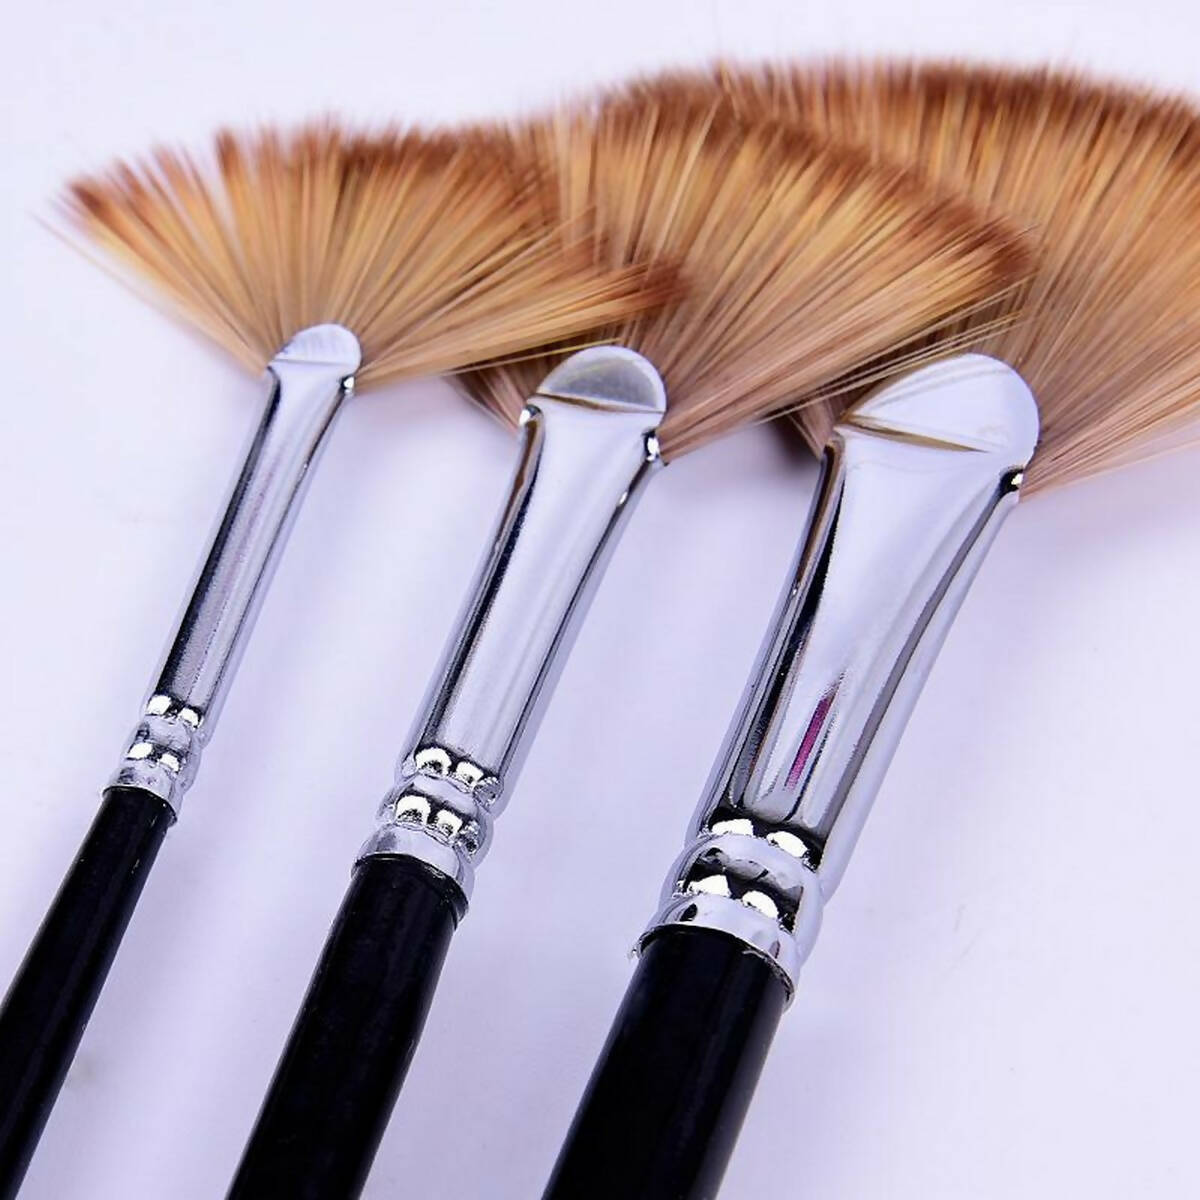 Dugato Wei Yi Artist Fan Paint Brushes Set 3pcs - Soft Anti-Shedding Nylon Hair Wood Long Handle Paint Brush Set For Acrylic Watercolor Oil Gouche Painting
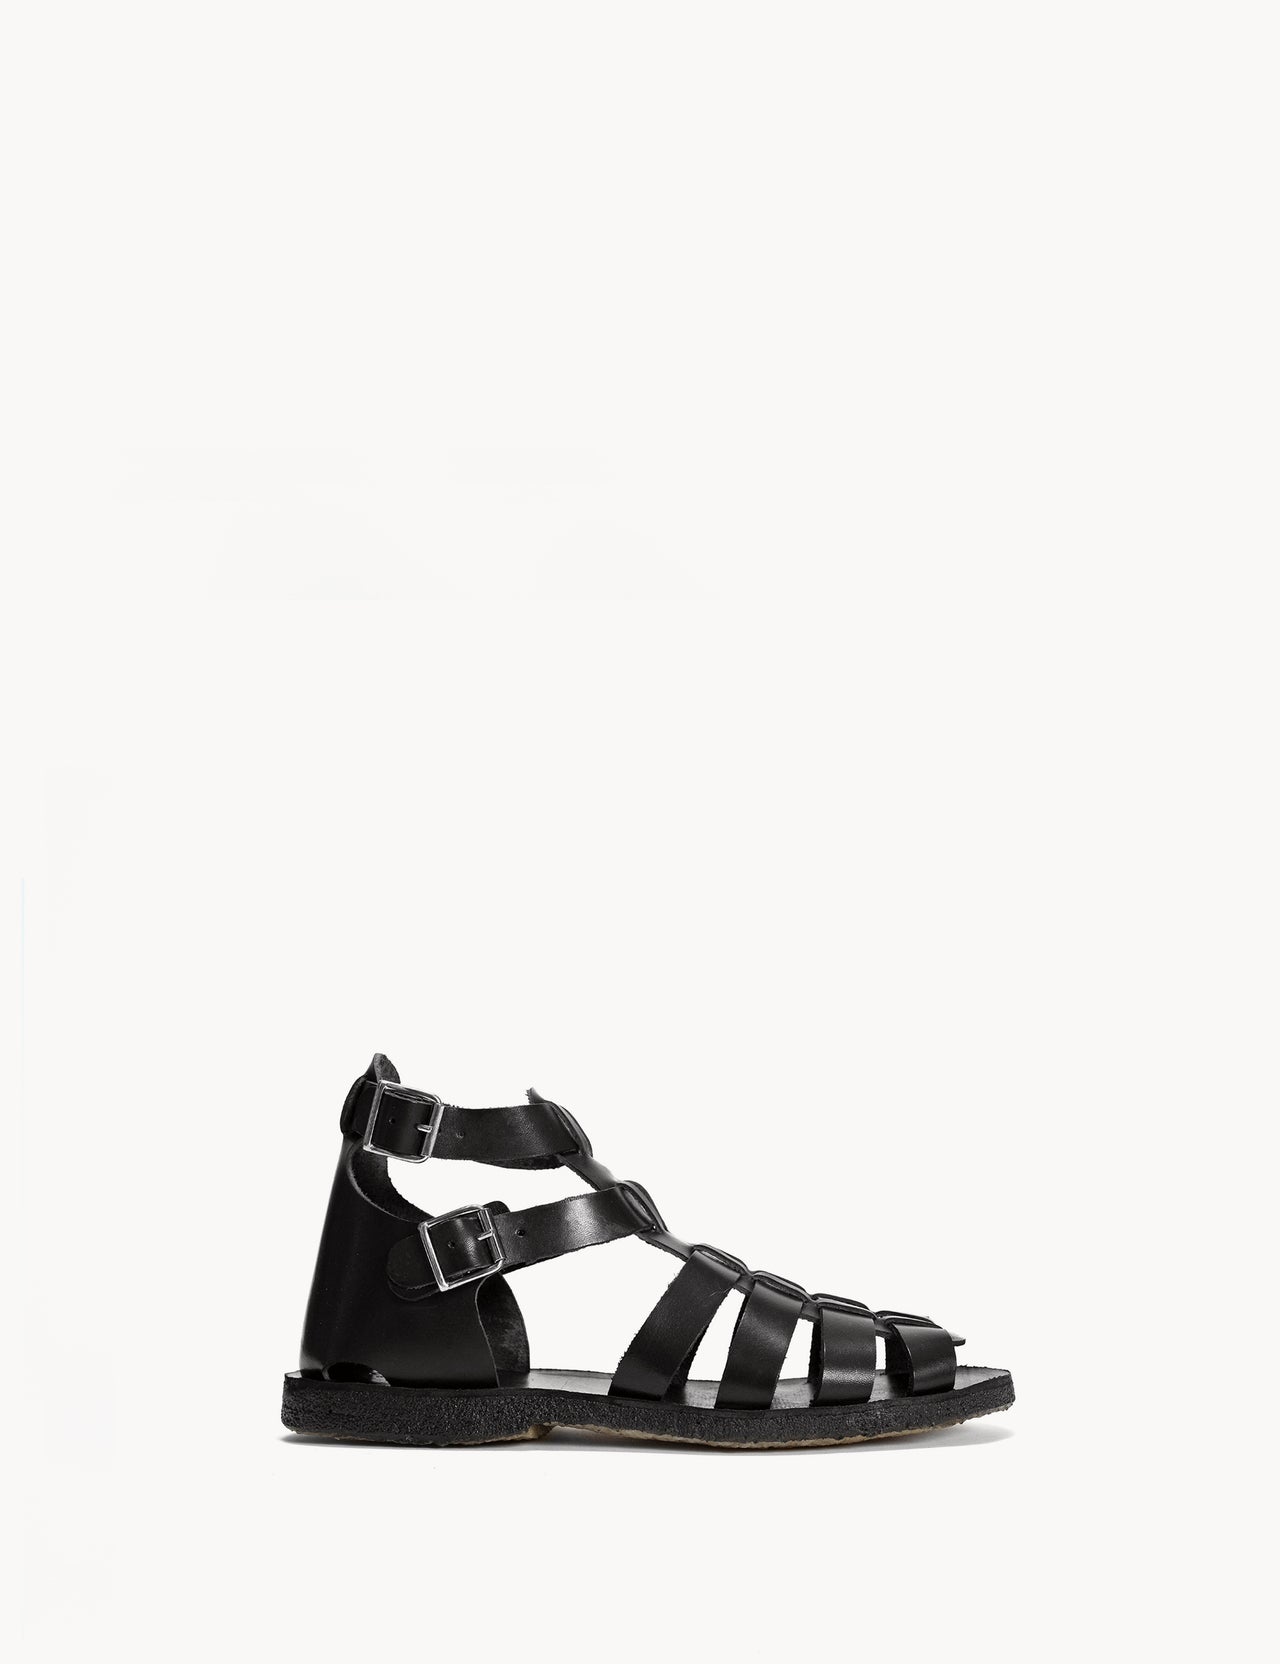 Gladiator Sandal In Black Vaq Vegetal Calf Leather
* * * * * * * * *
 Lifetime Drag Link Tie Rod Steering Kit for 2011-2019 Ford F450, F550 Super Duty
* * * * * * * * *
Among the entries above, take the lines from the one with "Dugato Wei Yi" through the one with "Gladiator Sandal In" and retype them exactly, leaving out the pictures.

 Dugato Wei Yi Artist Fan Paint Brushes Set 3pcs - Soft Anti-Shedding Nylon Hair Wood Long Handle Paint Brush Set For Acrylic Watercolor Oil Gouche Painting
 Gladiator Sandal In Black Vaq Vegetal Calf Leather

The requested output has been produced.